As a buyer, you focus on the property: location, condition, price and potential. Yet sometimes, what’s happening in the sellers’ lives can be just as important. When sellers are separating, disputing an estate or involved in family conflict, those issues can spill into the transaction. Your aim is not to solve their dispute, but to avoid your purchase becoming collateral damage.

The first clue often appears in conversation. The agent might mention that “the vendors are divorcing” or that “the family is selling mum’s house”. None of this is inherently a problem, but it should prompt extra questions. You want to confirm that the right people are signing and that there is no one sitting in the background ready to lodge a caveat or seek an injunction at the last minute.

Your adviser will start with the title search.

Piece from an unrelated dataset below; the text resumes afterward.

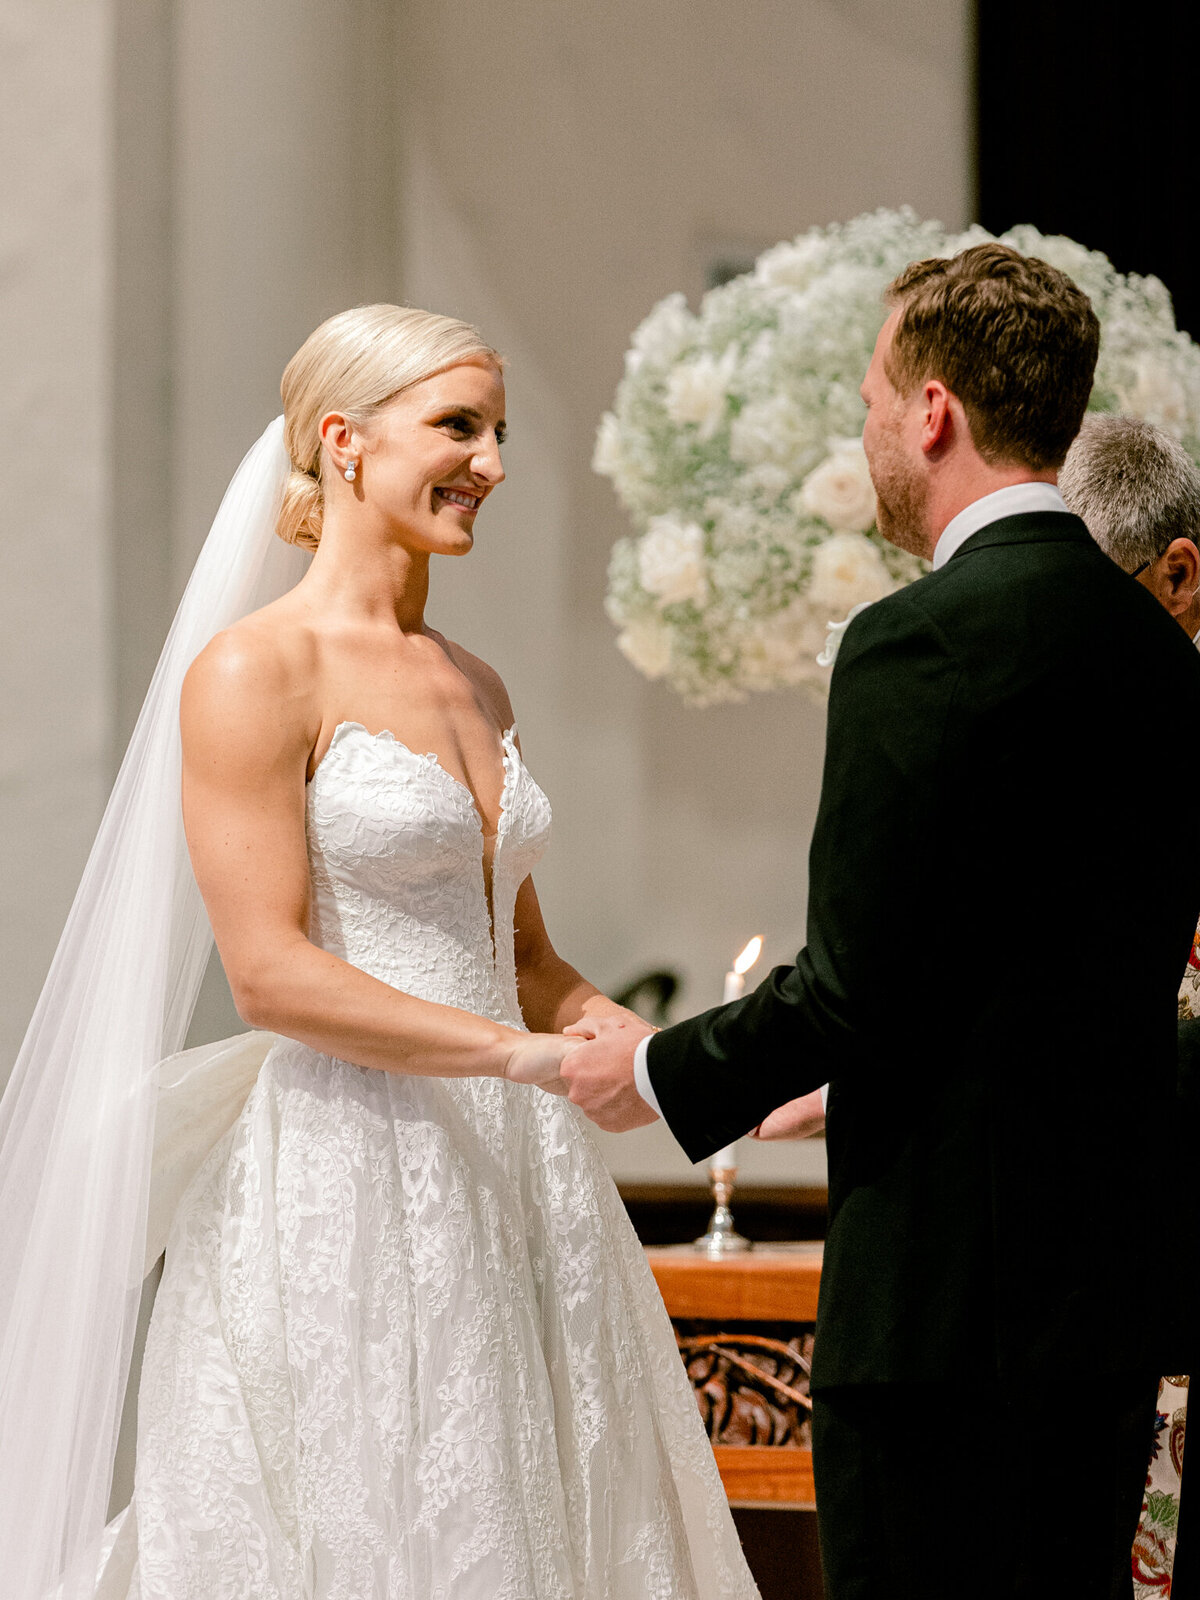 Katelyn & Kyle's Wedding at the Adolphus Hotel | Dallas Wedding Photographer | Sami Kathryn Photography-152

Do the names on title match the names on the contract? Are there any caveats, notices, or references to court orders? If two people are on title but only one is signing, why is that? In an estate sale, is the executor properly appointed, and are they the ones signing? If separation is involved, have any property orders been made by a court, or is the matter still unresolved?

If there are existing court orders, it is usually a good sign. Orders that the property be sold, that property be transferred, or that proceeds be held in a particular way mean a judge has already turned their mind to the issue. In those situations, your contract and settlement arrangements should be consistent with the orders. If there are no orders and the parties are clearly in dispute, the risk of something going wrong increases.

Practical contract protections can help. For example, you might require a warranty that there are no undisclosed caveats or injunctions, and that no one else has a right to prevent the sale. In complex cases, you might insist on written consent or acknowledgment from a non‑owning spouse or beneficiary who has an obvious interest. Your settlement date might also need to build in time for the sellers to obtain any necessary court approvals.

Imagine you are buying from an executor of an estate where one beneficiary is unhappy and has lodged a caveat. That caveat needs to be addressed before you can obtain clear title. Your contract could state that the executor must remove the caveat by a specified date, and that if they cannot, you may rescind and recover your deposit. You might also want to see any court proceedings that are on foot, so your adviser can assess whether there is any realistic risk of the sale being challenged.

Buying from sellers who are in dispute is not necessarily something to avoid. Sometimes it is the reason the property is available and the price is realistic. But you should not be the last one to know there is a problem. Good due diligence brings the issues to the surface early, lets you price the risk, and ensures your contract and timing reflect the reality behind the “for sale” sign.

Declaration: This article provides general information for NSW purchasers and is not legal advice. You should obtain advice specific to your purchase and the seller’s circumstances before signing a contract.